From the user set we work with (large inference deployers) that is not a high priority - they already have mature deployment opinions or a set of tools that would not compose well with something like the Dynamo SDK. Their comfort level with Kubernetes is moderate to high - either they use Kubernetes for high scale training and batch, or they are deploying to many different providers in order to get enough capacity and need a standard orchestration solution.

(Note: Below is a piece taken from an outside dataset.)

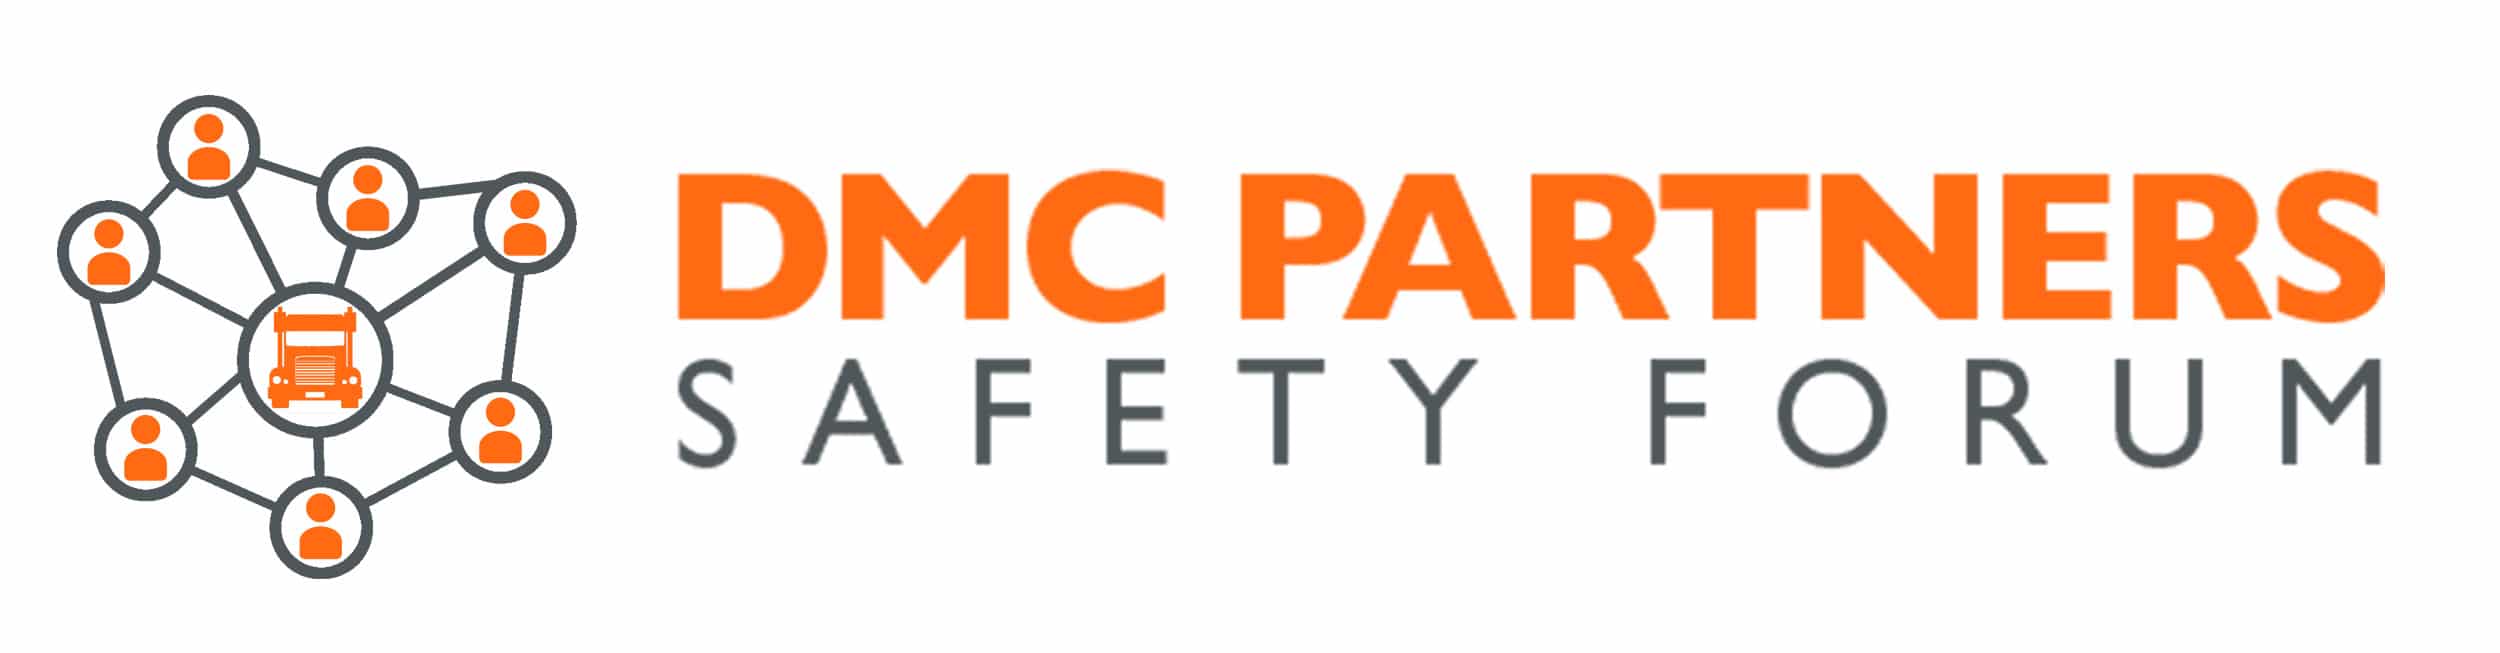 DMC Partners Safety Forum

llm-d focuses on helping achieve efficiency dynamically at runtime based on changing traffic or workload on Kubernetes - some of the things the Dynamo SDK encodes are static and upfront and would conflict with that objective. Also, large deployers with serving typically have significant batch and training and they are looking to maximize capacity use without impacting their prod serving. That requires the orchestrator to know about both workloads at some level - which Dynamo SDK would make more difficult.

rdli•1y ago
In this analogy, Dynamo is most definitely not like Django. It includes inference aware routing, KV caching, etc. -- all the stuff you would need to run a modern SOTA inference stack.
qntty•1y ago
You're right, I was confusing TensorRT with Dynamo. It looks like the relationship between Dynamo and vLLM is actually the opposite of what I was thinking -- Dynamo can use vLLM as a backend rather than vice versa.